The best books of 2017 (so far)

Salon's Mary Elizabeth Williams and book publicist Angela Baggetta discuss their favorite books of 2017

Published August 27, 2017 6:00PM (EDT)

This year has been a whirlwind of political, cultural and environmental shifts in the United States and beyond. The Trump administration has undeniably affected the output of culture in more ways than one, as artists, musicians, filmmakers and actors reckon with the state of the country just like the rest of us.

But has the political turmoil made an impact on the way we read books, too?

Veteran book publicist Angela Baggetta thinks so. She told Salon's Mary Elizabeth Williams that there is a "reading awakening, where people are turning to books and authors for knowledge, and facts, and expertise." She continued, "I think we're also seeing in fiction a lot more politics, whether it is the Black Lives Matter movement, whether it is women's issues. I think it's really wonderful that people are using fiction to explore all of these ideas."

Whether it's a passionate young adult novel, a nuanced memoir or an unconventional cookbook, in just eight months it's already been an incredible year for literature. But to narrow it down and with the summer more and more in our rearview mirror, Williams — an avid reader herself — sat down with Baggetta to talk about the best reads of the season.

Here are Angela Baggetta's top books from 2017:

1.  "You Don’t Have to Say You Love Me" by Sherman Alexie:

A beautiful memoir about the death of the author's mother, but so much more.

2.  "The Address" by Fiona Davis:

A novel about two parallel storylines taking place at New York City's famous Dakota apartment building.

3. "No One Can Pronounce My Name" by Rakesh Satyal:

A story of Indian-American immigrants outside of Cleveland.

4. "Life in Code: A Personal History of Technology" by Ellen Ullman:

One of the original female programmers of Silicon Valley; a series of essays about technology and our lives.

5. "The Burning Girl" by Claire Messud:

A story of fraught female friendship.

Here are Mary Elizabeth Williams' top picks:

6. "The Hate U Give" by Angie Thomas:

It's a young adult novel, but it's so much more, everyone should read it, it's inspired by the Black Lives Matter, and it is poignant and funny and absolutely un-put-down-able.

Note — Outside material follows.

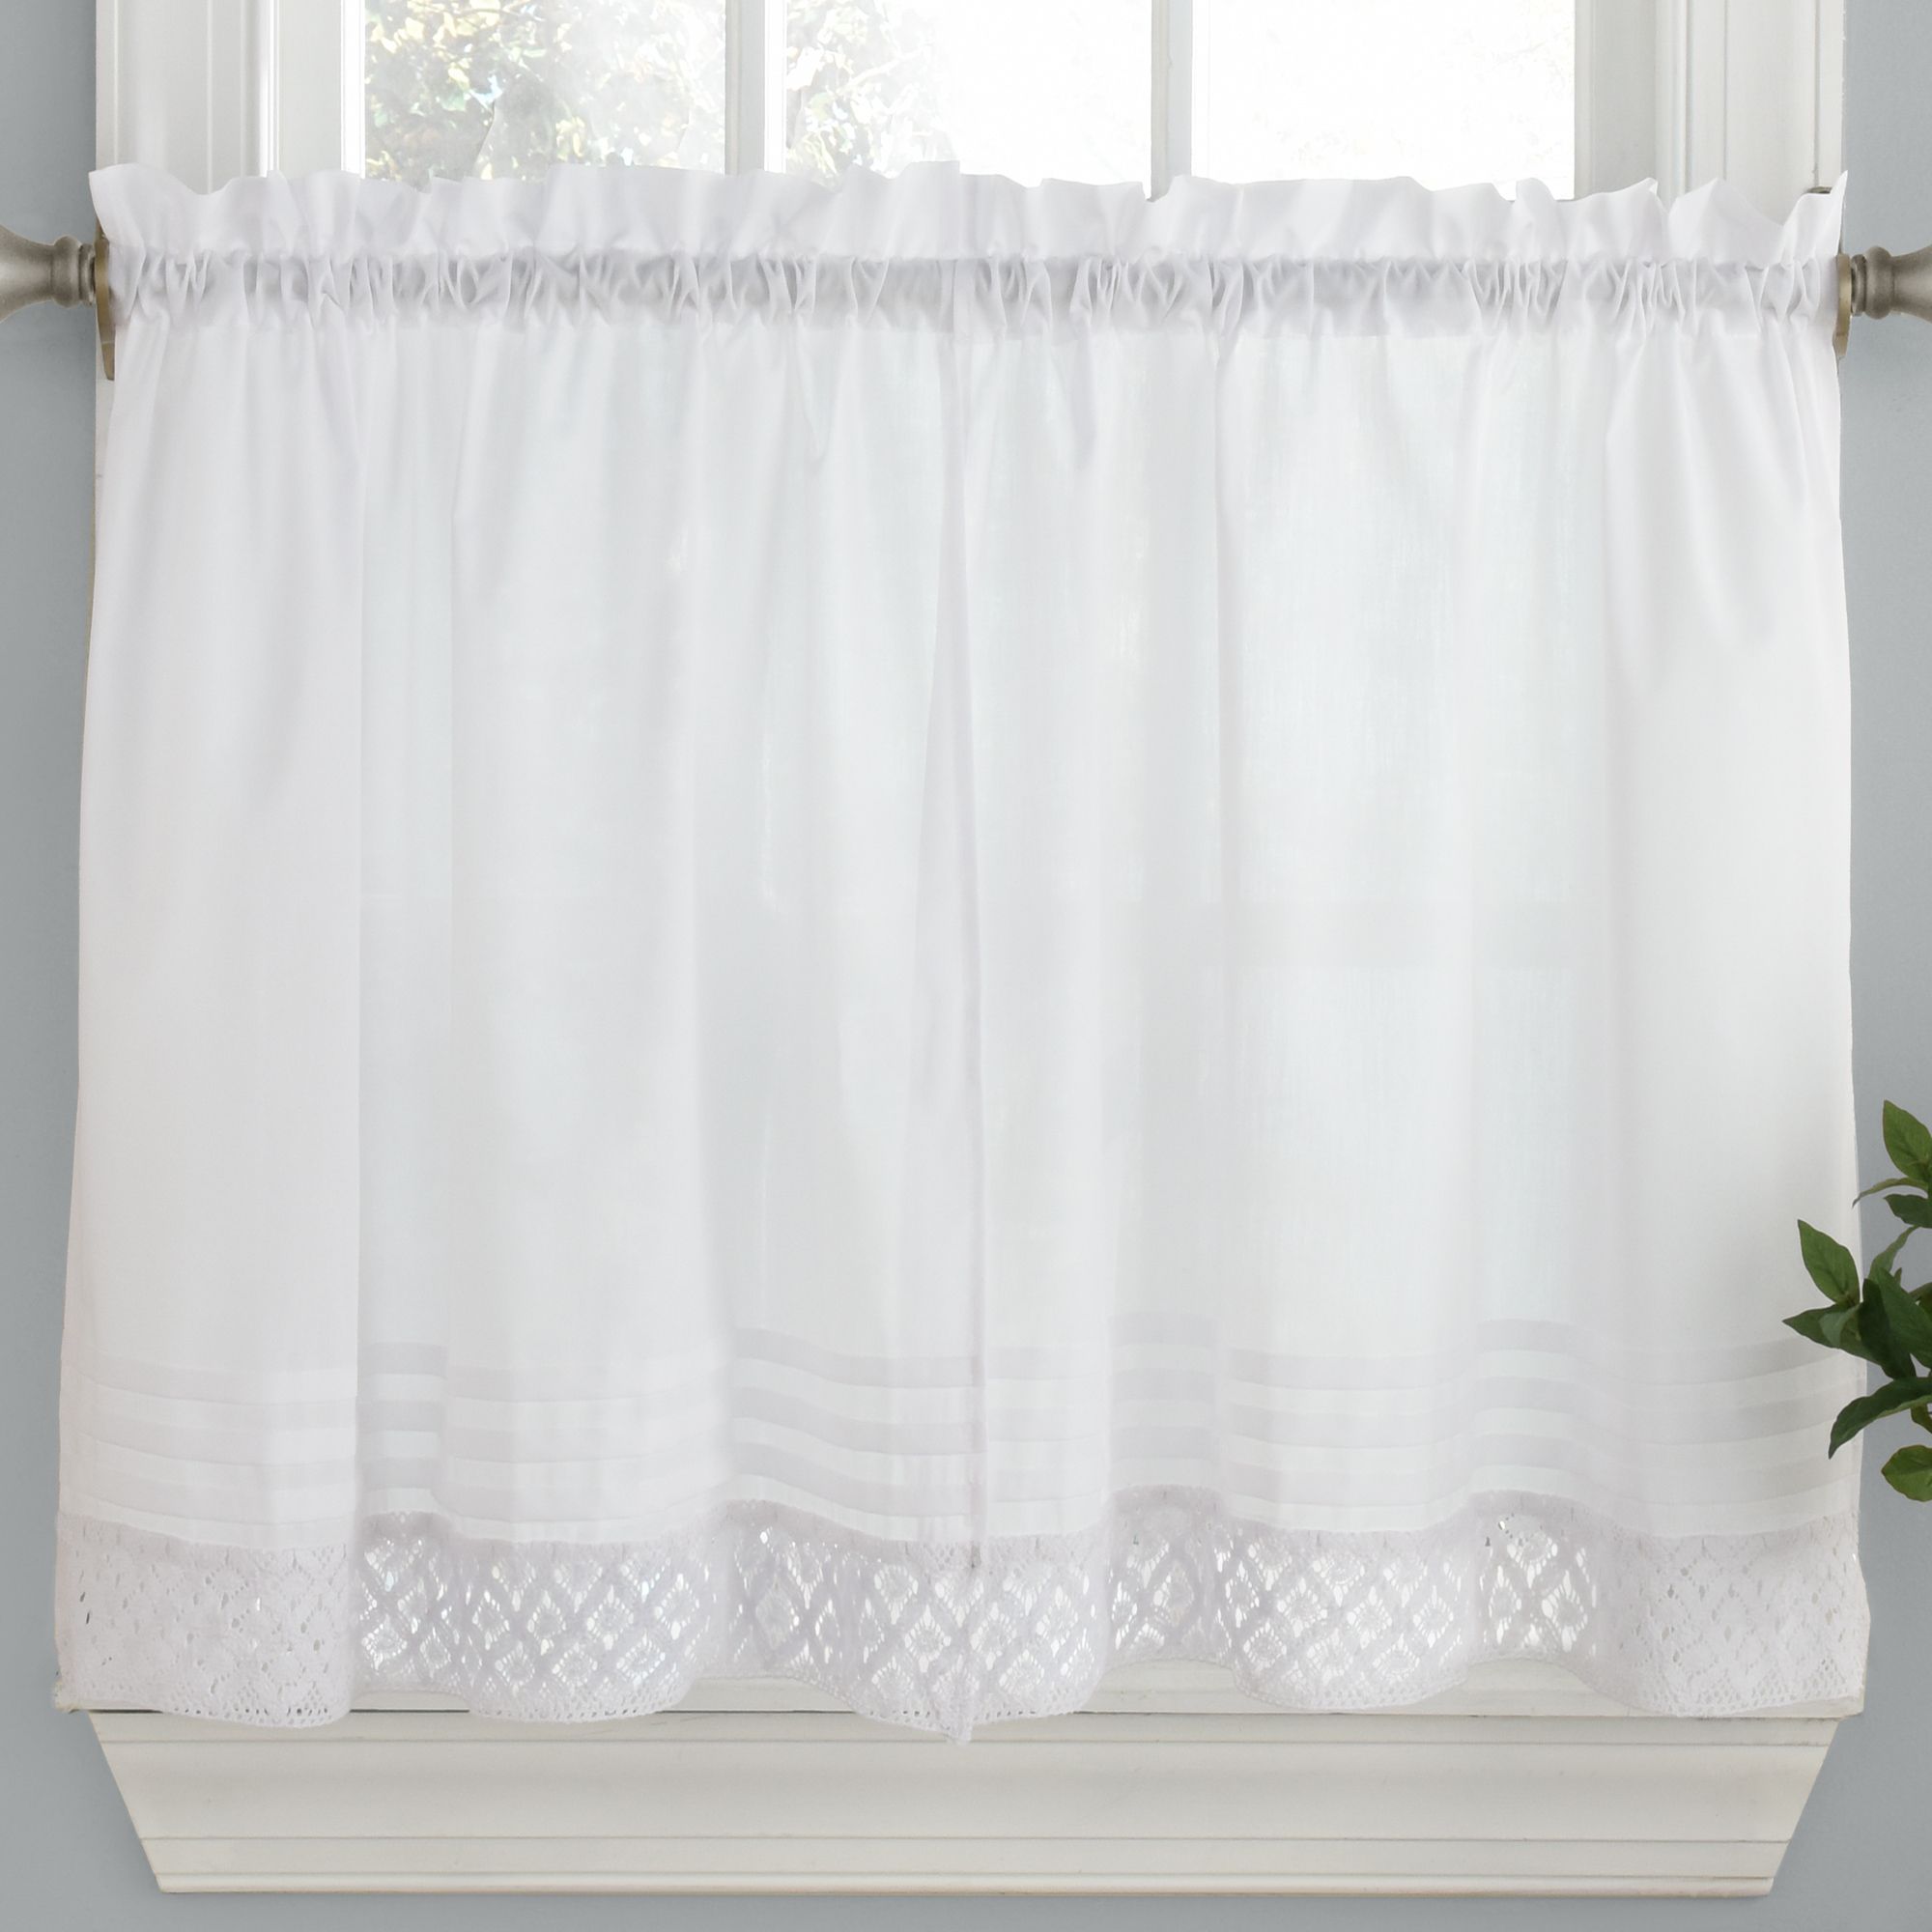 Pleated Crochet Kitchen Window Curtain Tier Pair Or Valance White For Pleated Curtain Tiers (View 5 of 20)

7. "Difficult Women" by Roxane Gay:

A beautiful, bold collection of short stories about women from one of our leading lights.

8. "Hunger: A Memoir of (My) Body" by Roxane Gay:

She is already reliable, always provocative, will always make you think.

9. "Abandon Me" by Melissa Febos:

This one is about family, and fathers, and love affairs.

10. "Brave Tart: Iconic American Desserts" by Stella Parks:

A recipe book, but it is also a examination of American desserts. It is a history, and it's a beautifully written book and every recipe comes with tweaks, so even the gluten-free and sugar-free among you will enjoy this.

With four months to go, Baggetta is looking forward to reading "Afterglow (a dog memoir)" by poet Eileen Myles because, "I think it's safe to say she will take the genre of dog memoir and turn it upside down," she said.

Williams is most excited for "What Happened" by Hillary Clinton "for every obvious reason," she said, "I can't wait to see her spin on what we all just went through."